Por volta das 2h30min, enquanto acontecia o show da banda Gurizada Fandangueira, um sinalizador foi utilizado pelo vocalista da banda. O sinalizador, de uso externo, soltou faíscas no teto e ali iniciou as chamas na espuma de isolamento acústico da boate. Em cerca de três minutos, uma fumaça tóxica tomou conta do local e deu início à tragédia que mataria 242 jovens e iria repercutir no Brasil e no mundo. A boate, que já foi comparada com um labirinto por policias, contava com irregularidades como, por exemplo, possuir apenas uma porta principal, não ter janelas ou iluminação adequada para emergências.
O incêndio da Boate Kiss, até os dias de hoje, deixa marcas profundas para os sobreviventes que seguem em tratamento e recuperação, para as famílias que perderam um ente querido, para toda Santa Maria e todos aqueles que se sensibilizaram e se solidarizaram com o luto desde o ocorrido, considerado a segunda maior tragédia do Brasil em número de pessoas em um incêndio.
Como funcionará o julgamento
Com a possibilidade de se confirmar como o maior da história gaúcha, o julgamento terá início no dia 1º de dezembro de 2021 e seguirá acontecendo todos os dias até que seja finalizado, incluindo os finais de semana. No júri, serão ouvidas 19 testemunhas, 10 sobreviventes do incêndio e os quatro réus.
Segundo informações divulgadas pela Gaúcha ZH, no tribunal do júri, o Juiz será Orlando Faccini Neto, titular do 2º Juizado da 1ª Vara do Júri da Comarca de Porto Alegre. Pelo Ministério Público, o órgão de acusação será representado pelos promotores David Medina da Silva e Lúcia Helena Callegari, que foram designados para o júri. O Local do julgamento será no plenário do 2º andar do Foro Central I.
No plenário, serão disponibilizados 86 lugares para plateia. Dentre eles, 50 acentos são reservados para a Associação dos Familiares e Vítimas da Tragédia de Santa Maria (AVTSM). Para os familiares das vítimas, será realizado um sistema de rodízio para que o julgamento possa ser assistido pelo maior número e variações de pessoas possível. Para a imprensa, serão reservados 12 lugares. O júri será transmitido ao vivo pela internet pelo Tribunal de Justiça do Rio Grande do Sul.

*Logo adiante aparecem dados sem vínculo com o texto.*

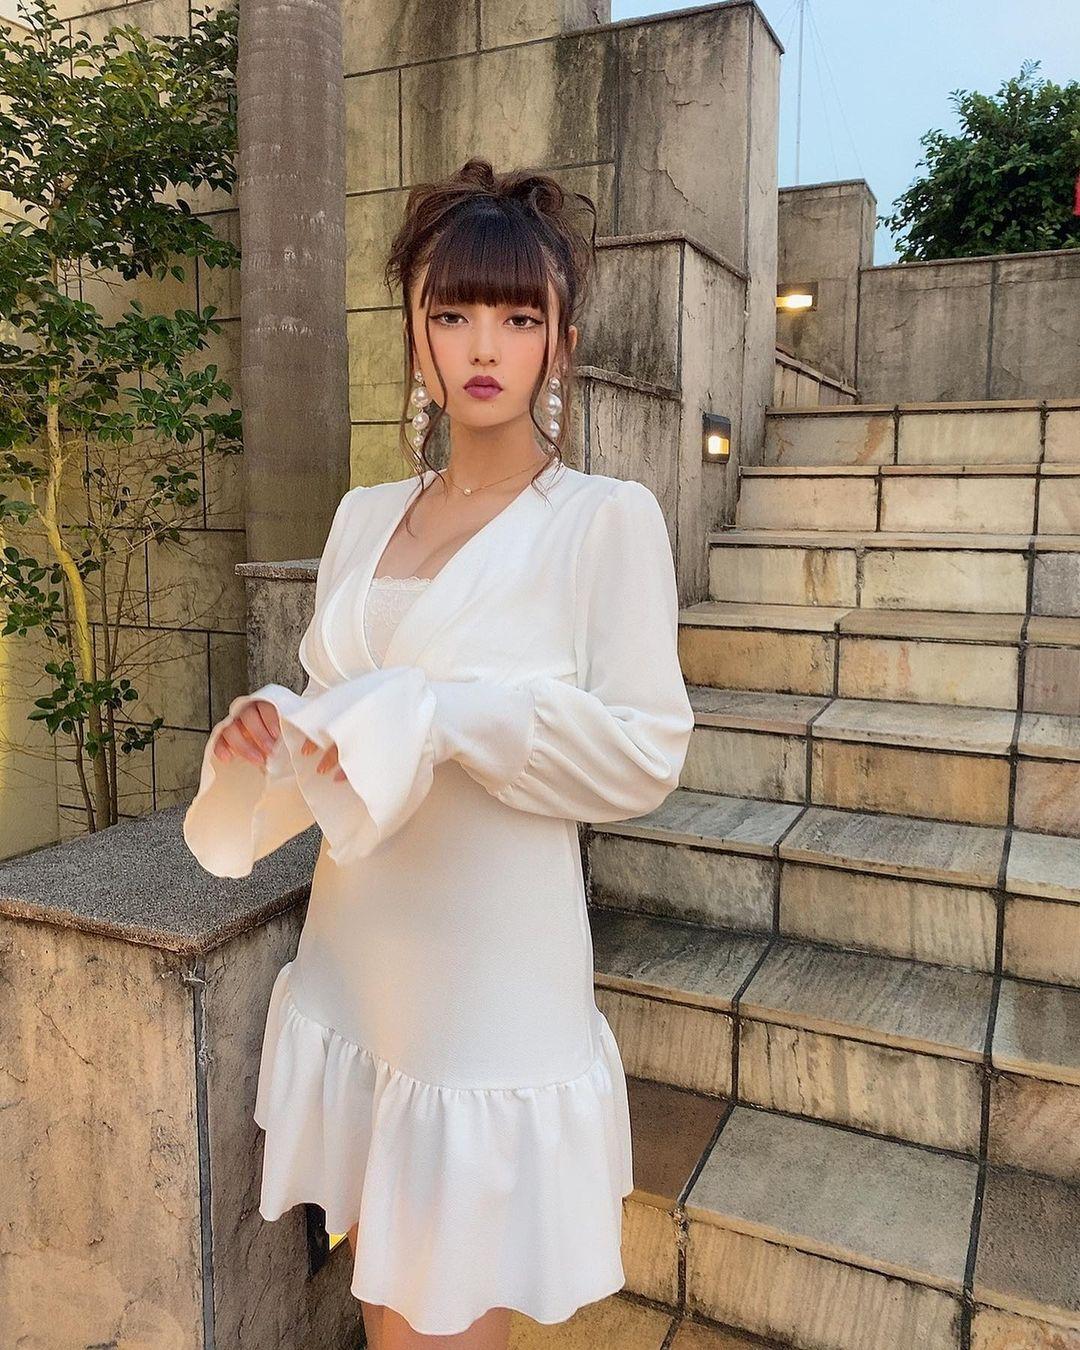 今年刚高中毕业 18 岁美少女樱井音乃身材整个无敌 网络美女 第15张

Reconstrução virtual da boate
A professora da Universidade Federal de Santa Maria (UFSM) Virginia Vechioli, juntamente com o arquiteto Lucas Oliveira, foram os idealizadores de uma ferramenta virtual que recriou o ambiente interno da Boate Kiss. Após ser apresentada durante uma entrevista coletiva dos promotores que irão participar do júri do caso, o Ministério Público (MP) usará a ferramenta que vai permitir percorrer todo o interior da casa noturna, possibilitando assim demonstrar os problemas existentes na estrutura do local.

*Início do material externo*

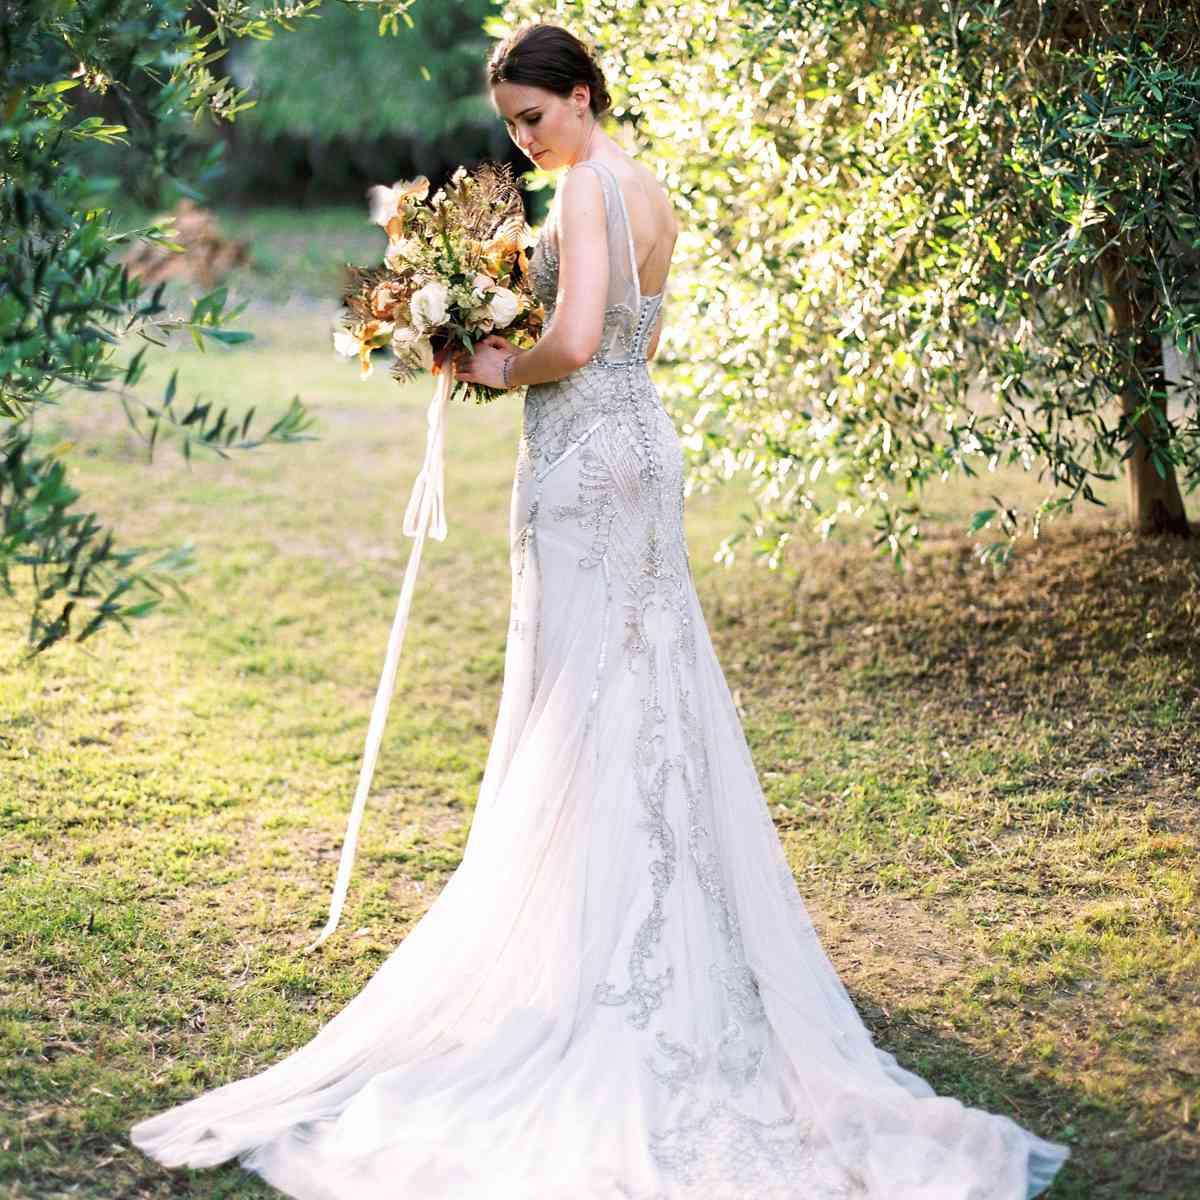 brides in dress

O que acontecerá com o espaço da boate após o julgamento
O prédio da Boate Kiss deve se tornar um memorial para as 242 vítimas do incêndio. O projeto do memorial já foi escolhido através do concurso promovido pelo Instituto dos Arquitetos do Brasil (IAB) e pela Associação de Familiares e Vítimas e Sobreviventes (AVTSM). A demolição do prédio não aconteceu em pedido da associação, pois o espaço da boate poderia ser usado como prova no julgamento. Após o júri o prédio pode ser demolido, mas ainda não há uma data definida.
Netflix fará série da tragédia da Boate Kiss
Nessa terça-feira (23), a Netflix anunciou que irá desenvolver uma minissérie de ficção sobre o incêndio da Boate Kiss. A produção levará o nome de “Todo Dia a Mesma Noite”, baseada no livro da escritora e jornalista Daniela Arbex lançado em 2018 sobre a tragédia de Santa Maria. A previsão é que a minissérie comece a ser gravada em 2022.